大意是,我其实很后悔开始这段恋情,我承认这是不对的,我错了,对不起。请老师相信我,我会和他暂时分手,接下来的日子,到高考结束前,我发誓我不会去影响他,我不会再和他有任何交集。如果违誓,钱蔼蔼不得好死。
是一时冲动,也是几方力量压迫下产生的扭曲反抗情绪,她选择将自己逼进绝路,字字句句都够狠够劲,仿佛不这样就难解心头之恨。
一向是敢做敢当的人,连信封都没有,也不私下送上,当时老张办公室还有邓勤在,当着邓勤的面,她一张纸大喇喇就递了过去,什么话也没有,转身就走。
邓勤是江柏的好朋友,大致扫了一下老张放在一旁并不着急看的信纸一眼,最后三两句话触目惊心,回头就告诉了江柏。
江柏中午回到教室先没找到钱蔼蔼的人,倒被老张叫了去,老张叫他自己看钱蔼蔼的信,那信她写来有些自私,自私且无情。
老张在一旁煽风点火,“聪明的男人不会为了一个女人放弃自己的前途,何况是这样一个不在意你的人。

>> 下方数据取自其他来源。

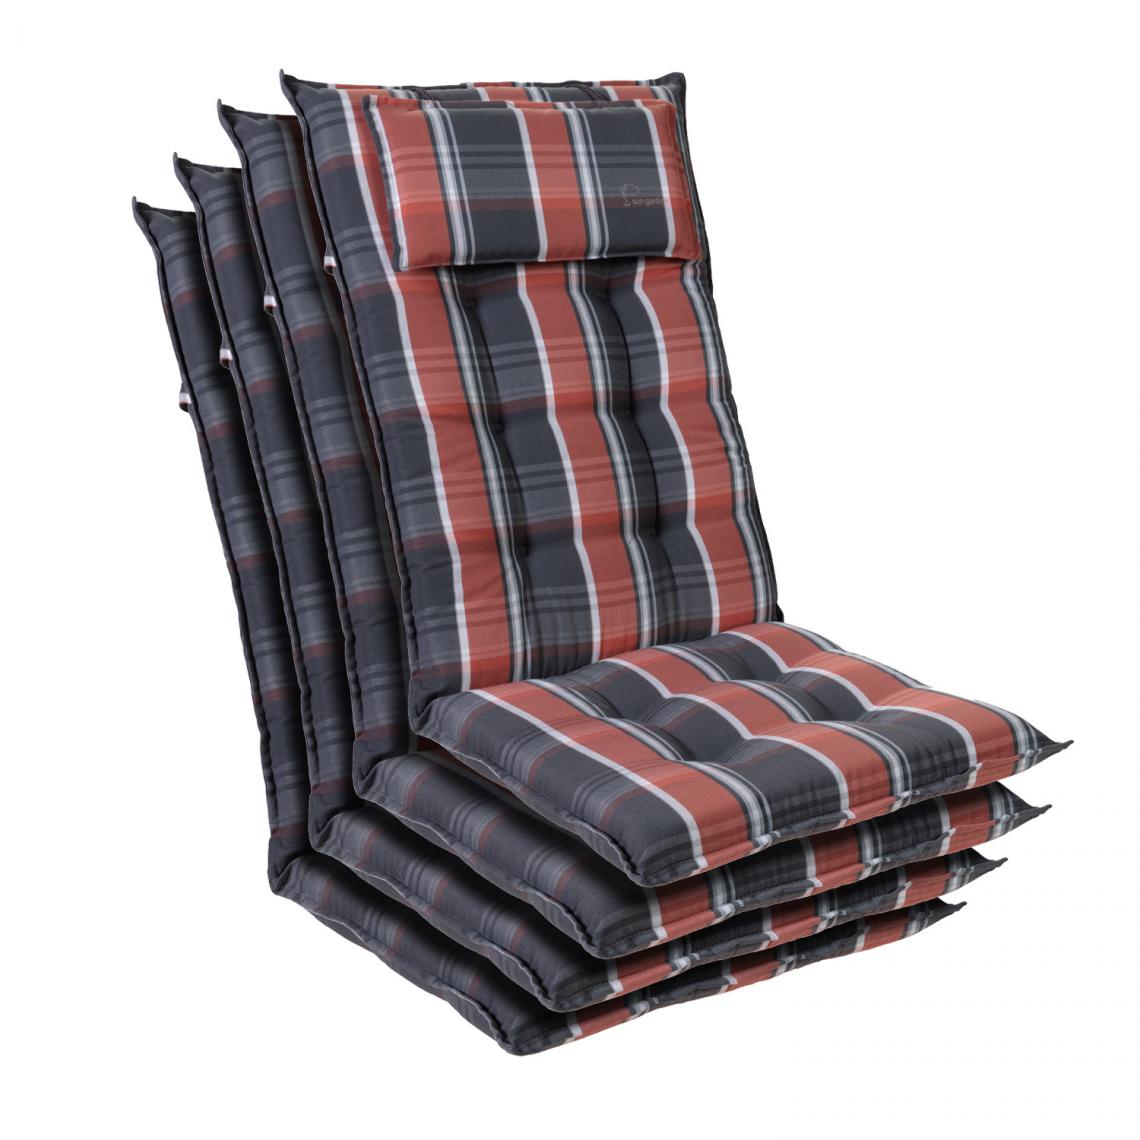 Blumfeldt - Sylt coussin de fauteuil appuie-tête pour dossier haut Polyester 50x120x9cm - Noir Rouge - Coussins, galettes de jardin

”
江柏有些火大,倒不是受了老张的挑拨,老张这样的几句话用意何在他怎会不明白,他气的只是钱蔼蔼没心没肺,将责任一干全推给他,更气她这般软弱,如此轻易就选择放弃,选择分手。
想起几天前老张跟他面谈,他信誓旦旦说“我们不会放弃,爱情和学业都不会放弃”,此时这张信纸就如同狠狠扇了他一耳光。
一中午,江柏暴走,坐立难安,脑里心里都只有一句话,咬牙切齿地,钱蔼蔼钱蔼蔼,钱蔼蔼你怎么能这样轻易说分手。
等了一中午也没等到钱蔼蔼,钱蔼蔼上课迟到,江柏已经从火冒三丈等到心寒,他看见她的时候故意撇开了视线,选择视而不见。
一下午江柏都没主动和钱蔼蔼说话,他希望钱蔼蔼主动前来解释,但钱蔼蔼自己心情也不好,明知江柏已经知道,她也不愿说什么。
到晚饭吃完回到教室,江柏终于忍不住,转身面对钱蔼蔼而坐,此刻他已经平静,他说,“我有事要问。”
钱蔼蔼认真看住他。
江柏问,“那封信是什么意思,为什么不和我商量,为什么那么轻易就说——”语声戛然而止。
“权宜之计。”钱蔼蔼轻语。
江柏皱眉,“难道就没有更好的——”
钱蔼蔼打断他,“我压力很大,我不想背负祸水之名。不管是同学还是老师,只要你考差了,他们的矛头一律指向我,一律说是我耽误了你,而我考砸了就是报应就是活该。我很累,真的很累,我承担不起那么大的责任,若有万一,我承担不起毁了你,毁了你家的责任。”钱蔼蔼看了一眼江柏,叹气,“我觉得还是这样好,实际我也怕你将来埋怨我恨我——”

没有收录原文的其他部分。